The story is just to get students interested. Combinatorially, we could state the problem as follows:

Given p 0’s, q 1’s, and r 2’s, in how many ways can you line them up so that each 2 is surrounded by both a 0 and a 1?

It turns out that there is a lot going on in this problem. With three parameters, the analysis is far from straightforward.

There are a few restrictions on the parameters. For example, we need $p+q>r,$ or there are not enough Knights to flank the Rogues. We also need

$p,q\ge\left\lceil\dfrac r2\right\rceil,$

or else there wouldn’t be enough Brave Knights and Loyal Knights to flank the Rogues.
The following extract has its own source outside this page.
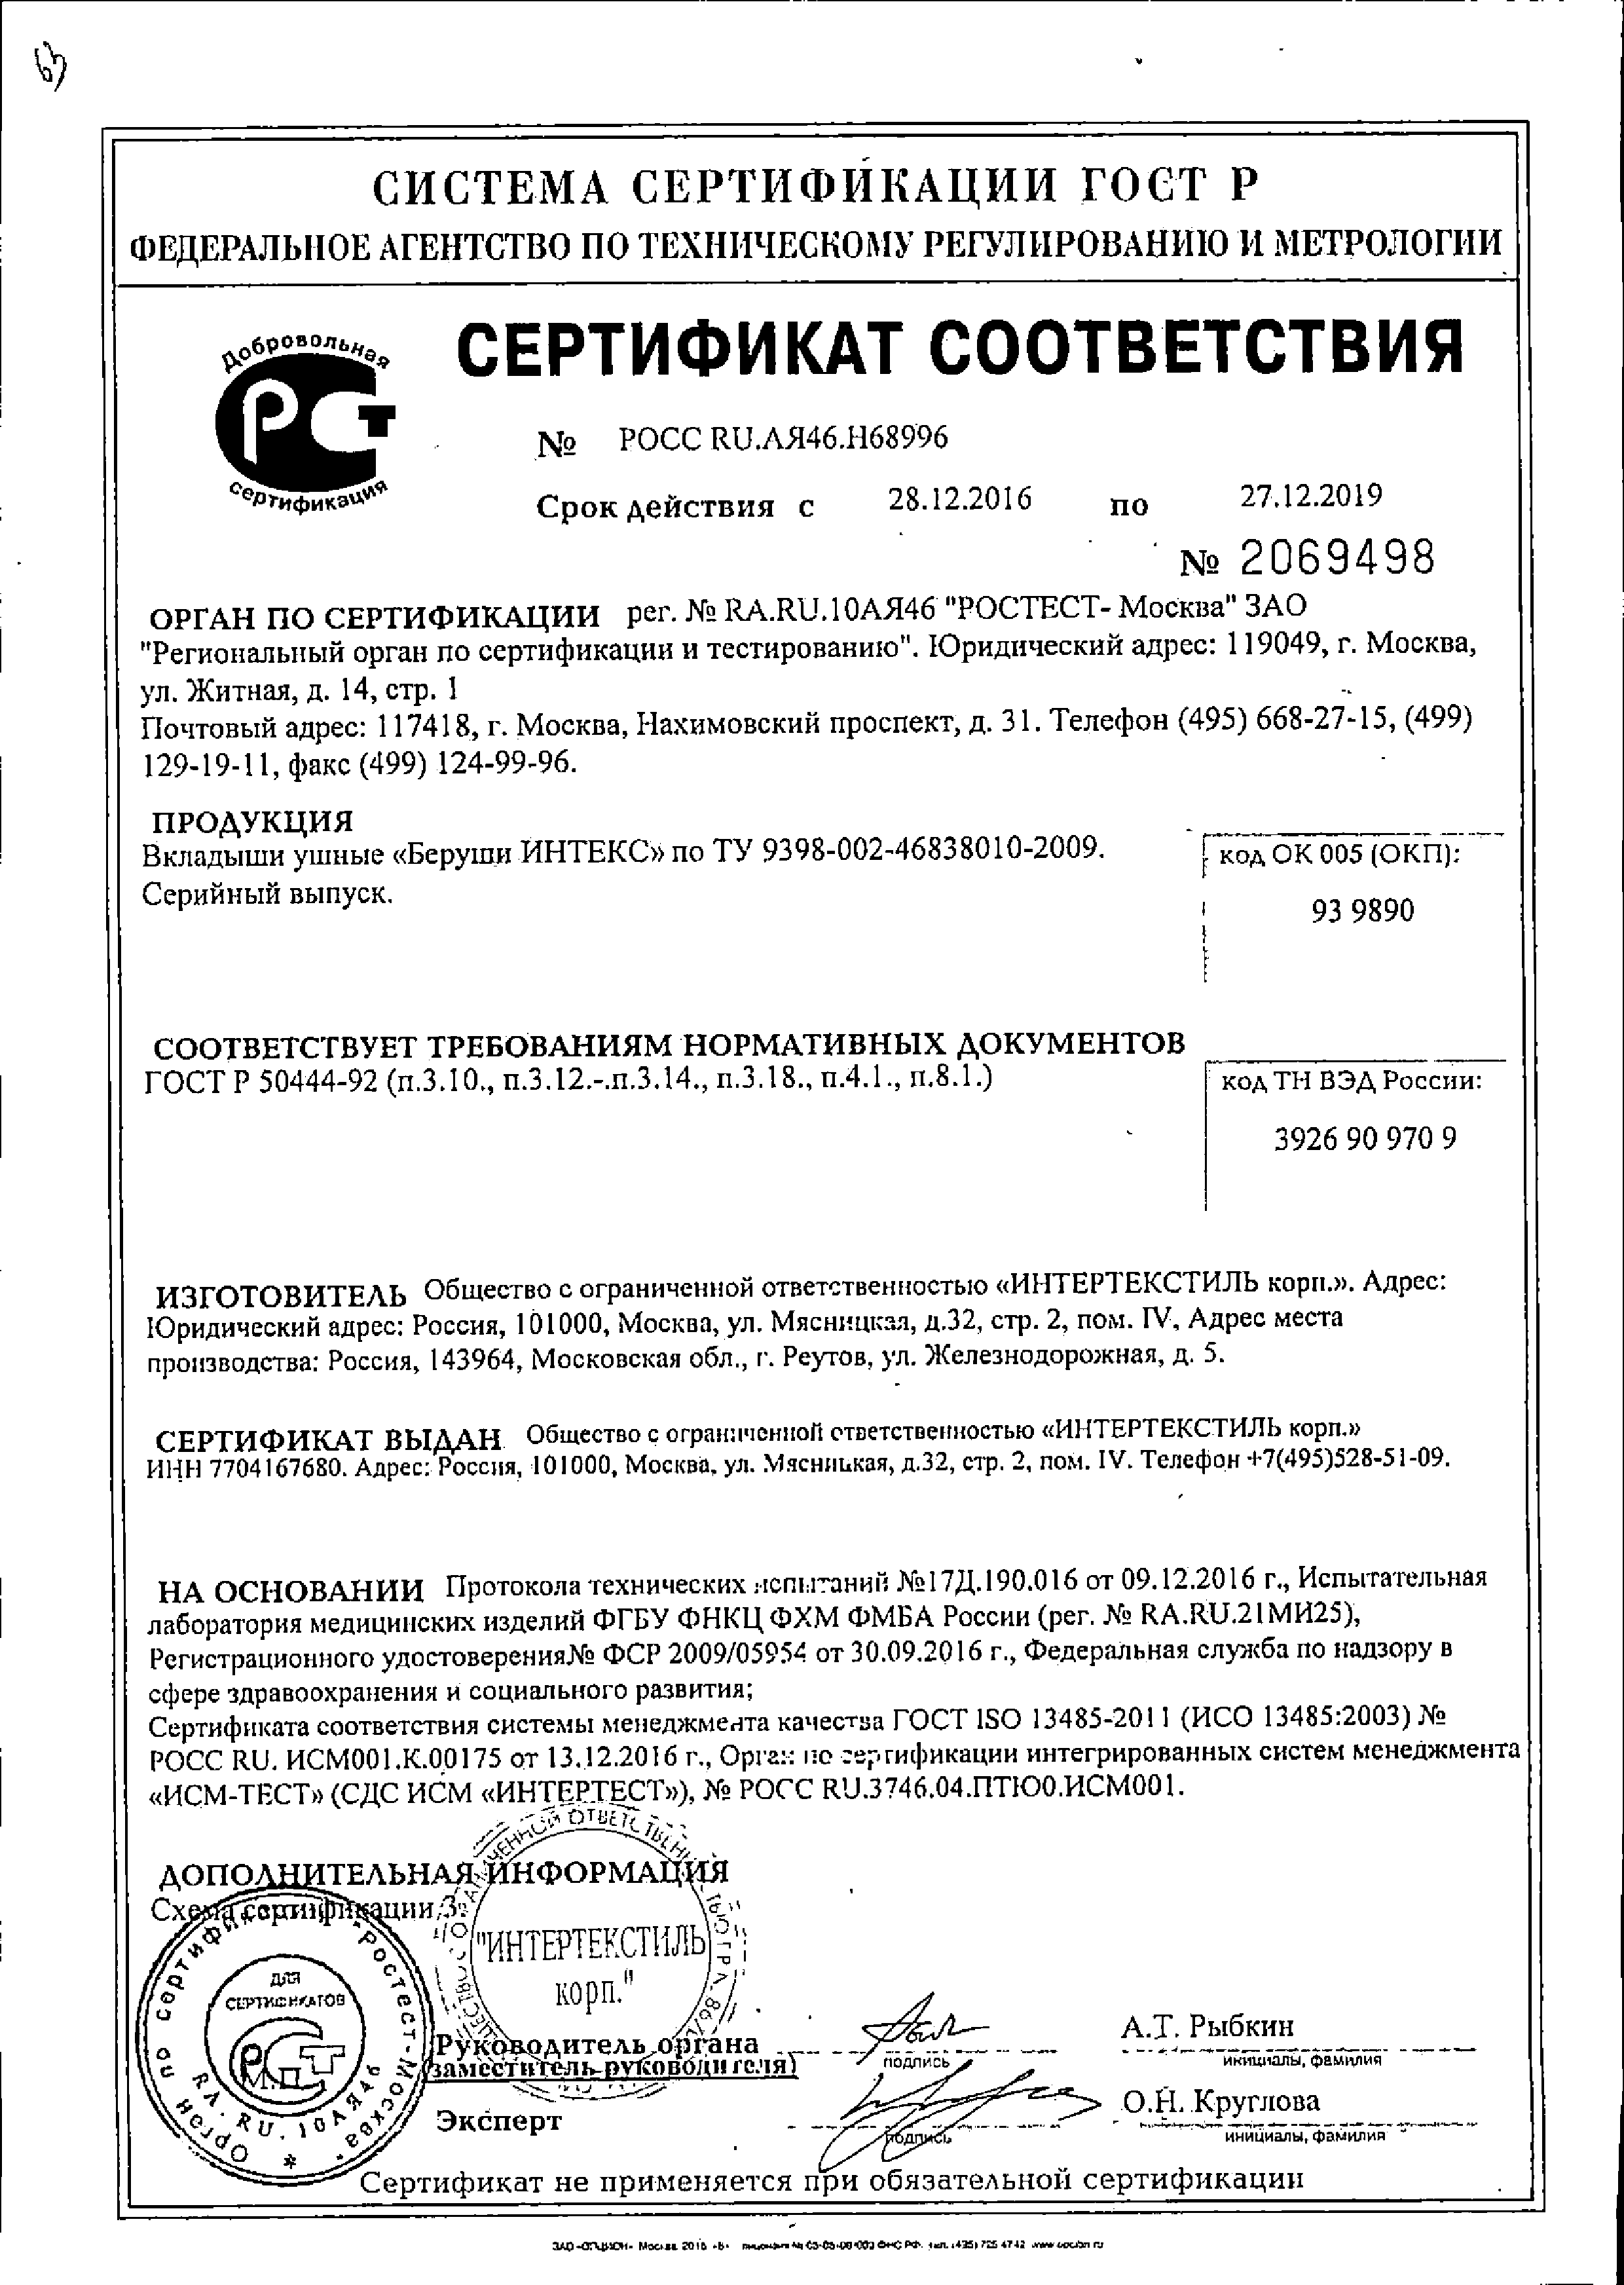 Клинса вкладыши ушные - беруши Интекс сертификат

For example, if p = 2, q = 1, and r = 3 (so that q just falls short of the above inequality), you can see the problem — the one 1 can flank at most two 2’s, and so there is one 2 without an adjacent 1. But if increase q to 2, we can have either the sequence 0212021 or 1202120.

Of course it is possible to consider specific examples, but it is also possible to consider infinite families of parameters — we’ll look at the case p = 2, q = n, and r = 2 to give you an idea of the reasoning involved.
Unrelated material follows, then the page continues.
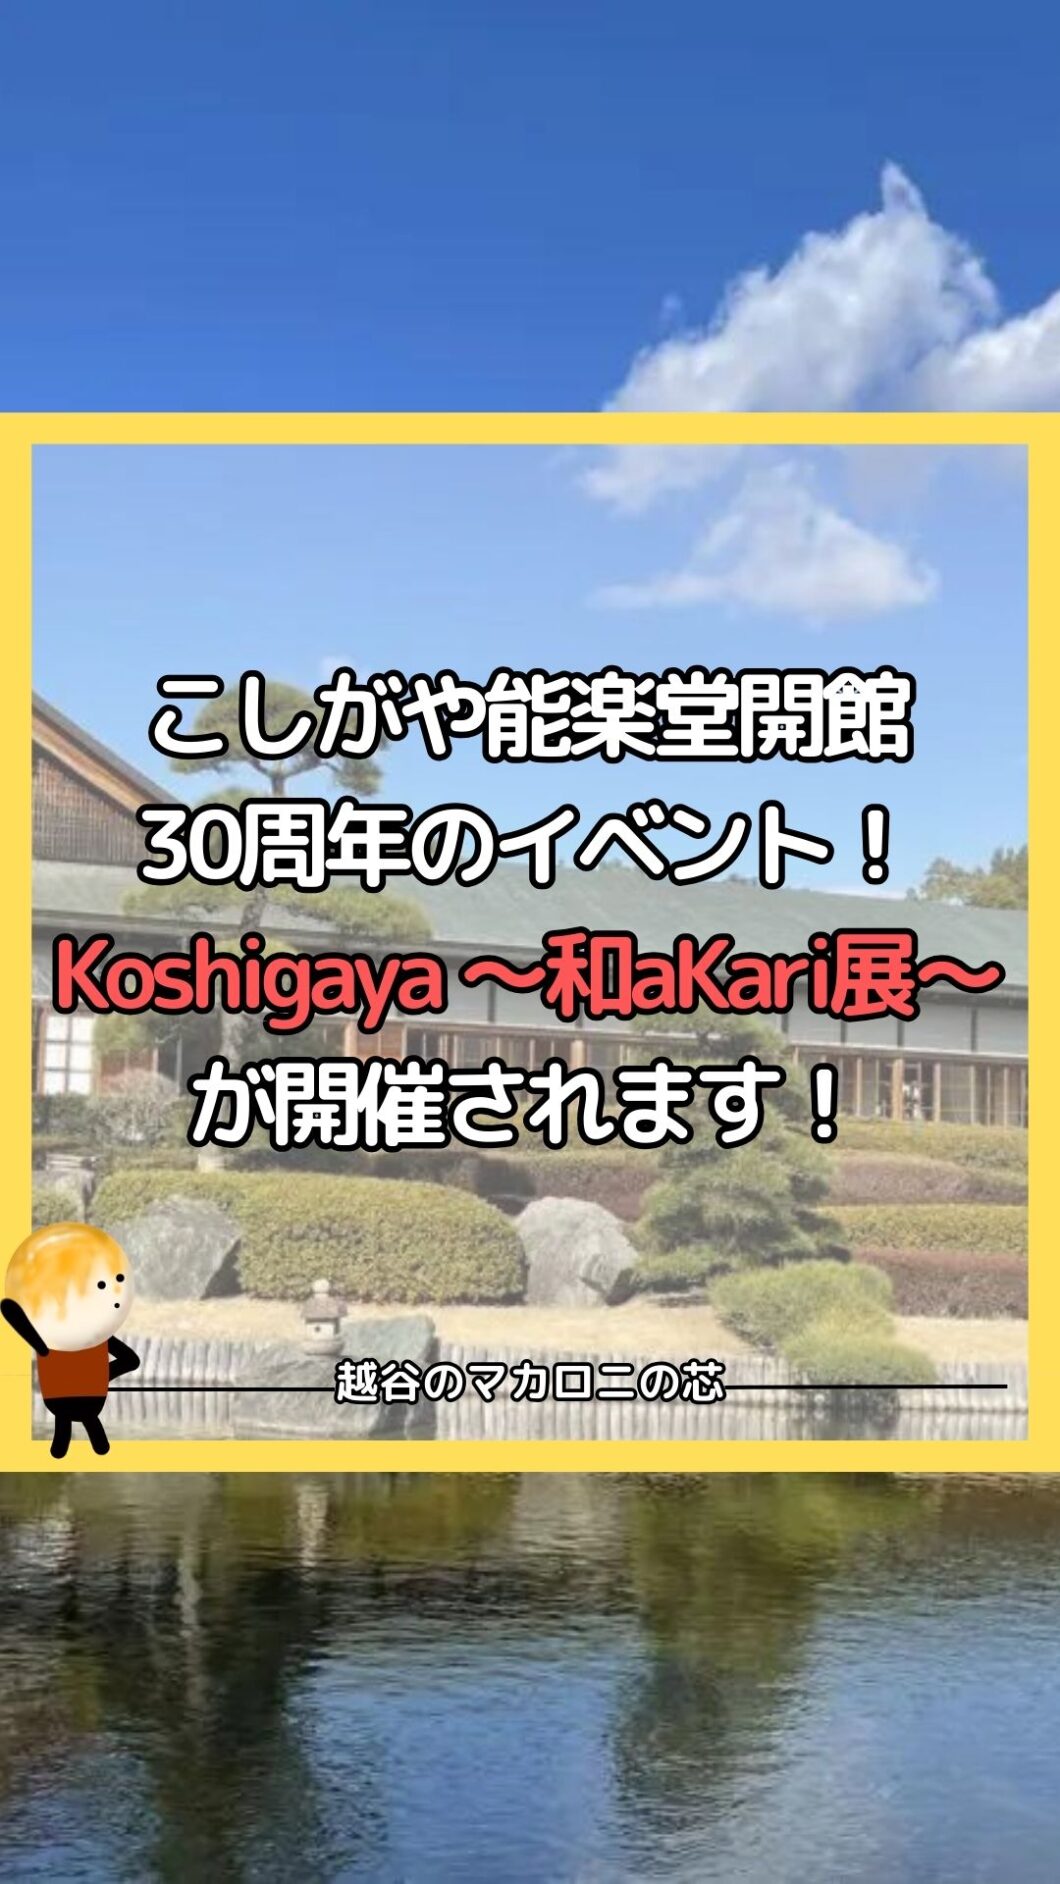 こしがや能楽堂開館30周年のイベント！Koshigaya ～和aKari展～が開催されます！

Now when n = 1, there is only one possibility: 02120. But when n is larger than 1, we need to look at two separate cases: when the 2’s are separated by more than one 0/1, so that we are looking at two blocks of 021 or 120. When the 2’s are separated by exactly one 0/1, we only have the options 02120 or 12021. We need to count each case separately.

Let’s look at the first case. We have two blocks of either 021 or 120. This uses up the two 1’s but there are n – 2 1’s left over. So we have n things to arrange: two blocks, and n – 2 1’s. This may done in

$4\displaystyle{n \choose 2}$

ways, since we first choose the 2 places for the blocks, but then multiply by 4 since each block has two possibilities: 021 or 120.
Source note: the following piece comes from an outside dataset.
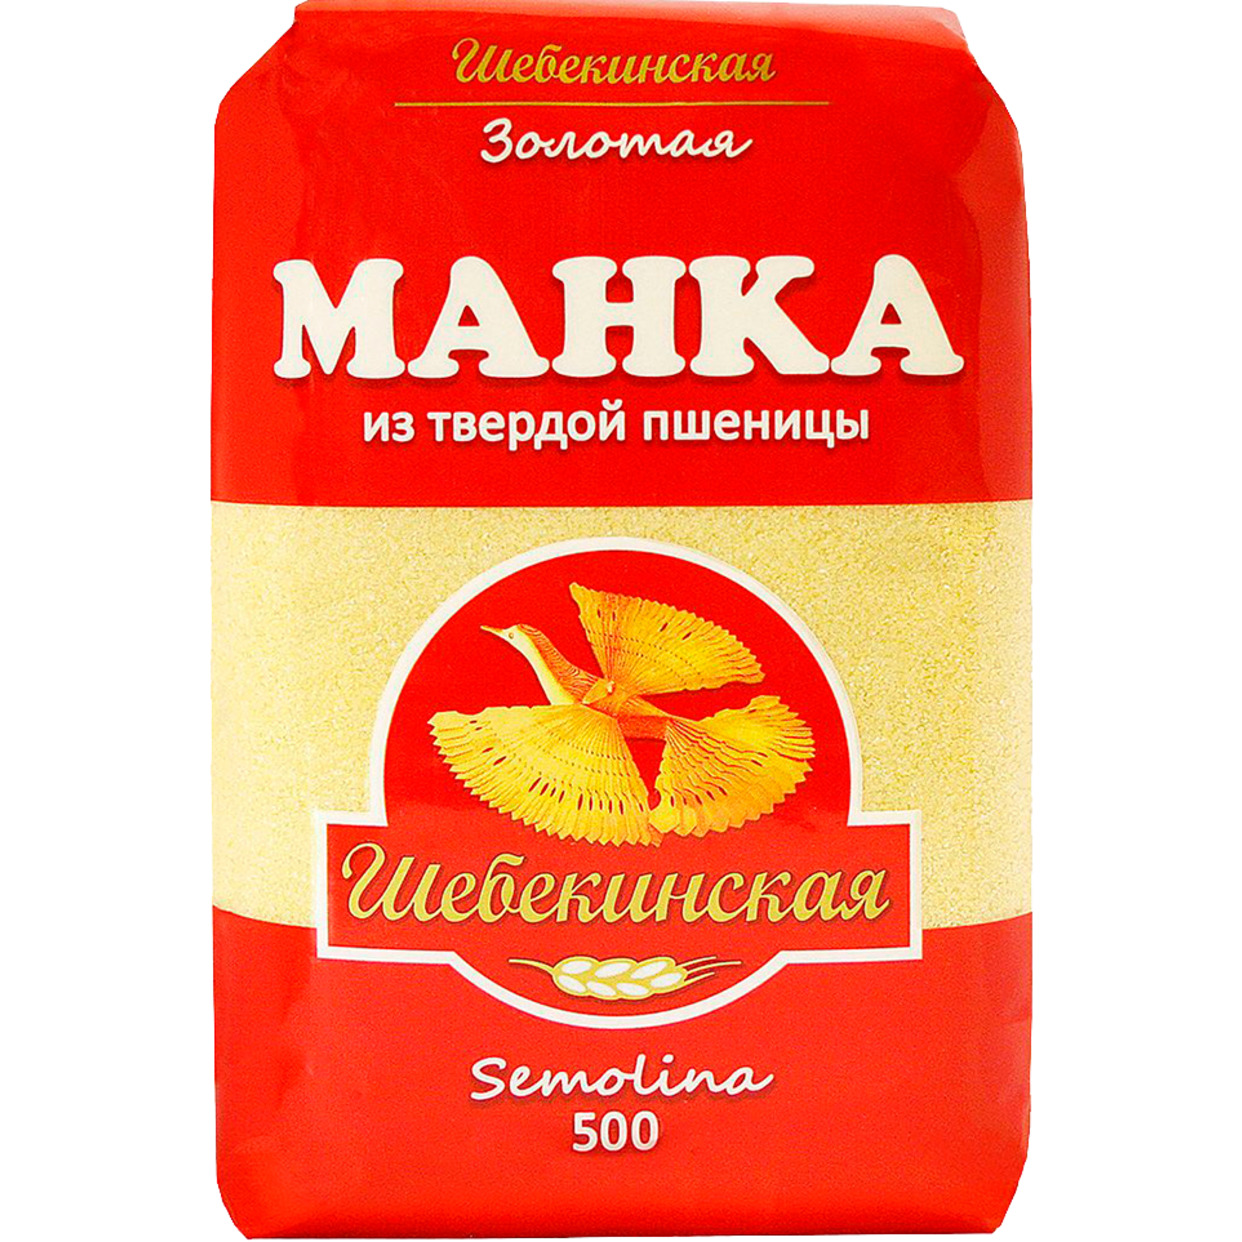 Манка Шебекинская из твердой пшеницы 500г в магазине Пятёрочка

In the second case, if the 2’s are only separated by one number, we may have a block of 02120 and n – 1 1’s to place, giving n possibilities. With a block of 12021, we have the block, one 0, and n – 2’s to place, which can be done in

$\displaystyle2{n\choose2}$

ways (since the order of the block and the one 0 matters). Adding these three cases together results in

$\displaystyle4{n\choose2}+n+2{n\choose2}=3n^2-2n$

possible lineups for the Knights and Rogues.

Interestingly, these are the octagonal numbers (A000567 in the OEIS). I have no idea why, though….

What I like about this problem is that parameterizing p, q, and r in different ways produces seemingly very different results. One interesting parameterization is p = q = r = n. It turns out that this sequence — at least the first several values, which I used the computer to generate and didn’t work out by hand — is also in the OEIS (A141147), and the description is the

number of linear arrangements of n blue, n red and n green items such that the first item is blue and there are no adjacent items of the same color (first and last elements considered as adjacent).

I find this particularly intriguing since in Knights and Rogues, 0’s and 1’s can be adjacent — but even though 2’s are not adjacent, it is not possible to have any block be 020 or 121, although these are counted in A141147. Finding a bijection between the two linear arrangements would be a very interesting problem.

I hope you enjoyed reading about Knights and Rogues! Again, this is another example of mathematics as it happens — I came up with this problem within the past few weeks, and I’ve just scratched the surface of this interesting puzzle. I hope it’s actually a new problem, but I won’t be surprised if I get a comment like, “Oh, I saw that problem in…..” Generating new, novel mathematics problems is not an easy task…..

And incidentally, the answer to the initial problem is 80,096. Did you get it?